:: Work to complete ::
Pull out every line with the word "Photo" from the entries below.

Records from a collection
::::

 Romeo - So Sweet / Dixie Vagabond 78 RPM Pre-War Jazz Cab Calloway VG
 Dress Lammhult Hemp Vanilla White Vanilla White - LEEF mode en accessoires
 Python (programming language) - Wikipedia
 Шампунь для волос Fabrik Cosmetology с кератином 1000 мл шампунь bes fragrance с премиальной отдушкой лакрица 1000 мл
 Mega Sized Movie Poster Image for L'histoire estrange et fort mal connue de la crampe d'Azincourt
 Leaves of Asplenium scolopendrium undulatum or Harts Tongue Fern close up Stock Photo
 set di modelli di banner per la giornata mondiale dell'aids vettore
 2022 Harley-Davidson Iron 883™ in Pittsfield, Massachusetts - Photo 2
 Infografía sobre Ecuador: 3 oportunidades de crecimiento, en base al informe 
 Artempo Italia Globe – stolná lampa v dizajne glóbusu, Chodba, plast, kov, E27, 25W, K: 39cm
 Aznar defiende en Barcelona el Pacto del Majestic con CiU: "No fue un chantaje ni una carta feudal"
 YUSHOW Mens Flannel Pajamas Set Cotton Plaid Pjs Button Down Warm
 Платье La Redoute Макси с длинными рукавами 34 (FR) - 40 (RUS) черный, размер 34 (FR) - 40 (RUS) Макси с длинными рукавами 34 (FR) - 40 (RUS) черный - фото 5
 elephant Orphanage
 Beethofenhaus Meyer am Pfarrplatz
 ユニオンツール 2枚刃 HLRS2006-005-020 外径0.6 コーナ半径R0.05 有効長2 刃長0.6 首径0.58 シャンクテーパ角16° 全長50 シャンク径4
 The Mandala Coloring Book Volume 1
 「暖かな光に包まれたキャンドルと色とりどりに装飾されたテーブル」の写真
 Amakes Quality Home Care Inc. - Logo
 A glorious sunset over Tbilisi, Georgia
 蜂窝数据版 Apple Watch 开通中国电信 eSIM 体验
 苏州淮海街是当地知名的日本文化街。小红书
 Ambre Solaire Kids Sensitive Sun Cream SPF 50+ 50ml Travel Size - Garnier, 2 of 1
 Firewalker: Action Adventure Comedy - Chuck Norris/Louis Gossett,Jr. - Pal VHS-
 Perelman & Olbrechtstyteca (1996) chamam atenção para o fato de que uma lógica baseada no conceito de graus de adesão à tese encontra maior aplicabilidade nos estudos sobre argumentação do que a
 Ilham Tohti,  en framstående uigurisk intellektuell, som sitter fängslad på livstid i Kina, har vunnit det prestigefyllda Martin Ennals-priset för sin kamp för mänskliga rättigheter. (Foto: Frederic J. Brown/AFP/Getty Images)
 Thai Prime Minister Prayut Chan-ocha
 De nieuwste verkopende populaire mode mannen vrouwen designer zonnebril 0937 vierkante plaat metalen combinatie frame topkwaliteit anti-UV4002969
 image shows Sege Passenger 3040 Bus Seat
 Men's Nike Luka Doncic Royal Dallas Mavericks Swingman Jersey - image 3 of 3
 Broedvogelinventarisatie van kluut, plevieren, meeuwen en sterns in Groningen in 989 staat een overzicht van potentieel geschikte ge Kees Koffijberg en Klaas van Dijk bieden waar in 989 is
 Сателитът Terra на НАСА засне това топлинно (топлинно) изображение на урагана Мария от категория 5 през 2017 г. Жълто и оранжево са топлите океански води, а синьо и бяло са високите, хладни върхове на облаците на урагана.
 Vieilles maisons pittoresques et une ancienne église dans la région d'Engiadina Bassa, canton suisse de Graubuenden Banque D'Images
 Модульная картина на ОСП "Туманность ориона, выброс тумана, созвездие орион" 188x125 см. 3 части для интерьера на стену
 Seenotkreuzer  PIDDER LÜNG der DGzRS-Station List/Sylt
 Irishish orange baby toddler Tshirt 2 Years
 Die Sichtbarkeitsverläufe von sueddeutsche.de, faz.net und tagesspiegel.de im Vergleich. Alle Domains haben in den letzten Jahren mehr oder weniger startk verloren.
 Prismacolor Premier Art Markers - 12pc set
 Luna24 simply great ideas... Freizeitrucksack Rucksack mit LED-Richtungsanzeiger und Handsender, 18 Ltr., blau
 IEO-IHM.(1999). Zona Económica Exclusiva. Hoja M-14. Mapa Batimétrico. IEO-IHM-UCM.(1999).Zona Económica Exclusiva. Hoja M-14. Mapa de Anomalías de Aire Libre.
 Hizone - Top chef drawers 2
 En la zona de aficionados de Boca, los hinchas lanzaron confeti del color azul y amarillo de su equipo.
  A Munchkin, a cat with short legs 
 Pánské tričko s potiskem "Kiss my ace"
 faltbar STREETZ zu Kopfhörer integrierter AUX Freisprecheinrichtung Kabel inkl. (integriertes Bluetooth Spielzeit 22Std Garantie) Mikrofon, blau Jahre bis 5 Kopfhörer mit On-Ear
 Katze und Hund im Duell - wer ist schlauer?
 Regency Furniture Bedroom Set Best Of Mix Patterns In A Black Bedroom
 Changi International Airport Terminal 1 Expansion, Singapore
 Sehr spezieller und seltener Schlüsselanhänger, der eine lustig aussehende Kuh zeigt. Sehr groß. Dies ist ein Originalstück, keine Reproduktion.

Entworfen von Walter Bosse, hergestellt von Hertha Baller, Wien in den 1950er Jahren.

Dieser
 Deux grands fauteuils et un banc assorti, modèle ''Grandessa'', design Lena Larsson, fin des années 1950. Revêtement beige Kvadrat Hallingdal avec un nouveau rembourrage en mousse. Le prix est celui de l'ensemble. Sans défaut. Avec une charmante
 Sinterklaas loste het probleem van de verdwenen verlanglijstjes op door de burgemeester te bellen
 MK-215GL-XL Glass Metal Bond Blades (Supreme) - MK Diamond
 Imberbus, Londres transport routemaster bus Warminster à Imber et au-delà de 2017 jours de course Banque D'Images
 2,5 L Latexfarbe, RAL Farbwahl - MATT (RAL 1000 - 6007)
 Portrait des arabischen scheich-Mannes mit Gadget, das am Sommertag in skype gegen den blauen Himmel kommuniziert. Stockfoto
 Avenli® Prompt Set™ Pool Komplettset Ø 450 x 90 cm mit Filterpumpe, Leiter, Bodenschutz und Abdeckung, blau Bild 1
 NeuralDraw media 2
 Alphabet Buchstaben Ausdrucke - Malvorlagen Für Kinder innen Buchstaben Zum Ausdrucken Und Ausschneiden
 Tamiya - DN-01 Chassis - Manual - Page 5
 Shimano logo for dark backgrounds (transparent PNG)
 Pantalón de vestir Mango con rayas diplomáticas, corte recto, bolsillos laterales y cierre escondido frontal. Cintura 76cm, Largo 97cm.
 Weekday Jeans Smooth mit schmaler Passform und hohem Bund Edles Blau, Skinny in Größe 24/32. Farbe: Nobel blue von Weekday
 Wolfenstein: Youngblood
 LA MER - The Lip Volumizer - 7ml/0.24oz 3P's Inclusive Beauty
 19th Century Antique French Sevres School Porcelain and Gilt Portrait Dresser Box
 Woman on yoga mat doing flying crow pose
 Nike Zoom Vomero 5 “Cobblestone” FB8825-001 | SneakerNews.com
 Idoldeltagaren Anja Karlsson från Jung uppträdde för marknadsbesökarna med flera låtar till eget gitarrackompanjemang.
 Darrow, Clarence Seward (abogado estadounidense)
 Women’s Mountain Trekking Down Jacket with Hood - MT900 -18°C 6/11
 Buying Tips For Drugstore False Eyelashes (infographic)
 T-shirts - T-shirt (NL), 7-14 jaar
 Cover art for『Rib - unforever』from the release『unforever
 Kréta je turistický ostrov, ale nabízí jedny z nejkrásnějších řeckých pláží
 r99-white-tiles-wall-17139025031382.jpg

::::

:: Task output ::
 Leaves of Asplenium scolopendrium undulatum or Harts Tongue Fern close up Stock Photo
 2022 Harley-Davidson Iron 883™ in Pittsfield, Massachusetts - Photo 2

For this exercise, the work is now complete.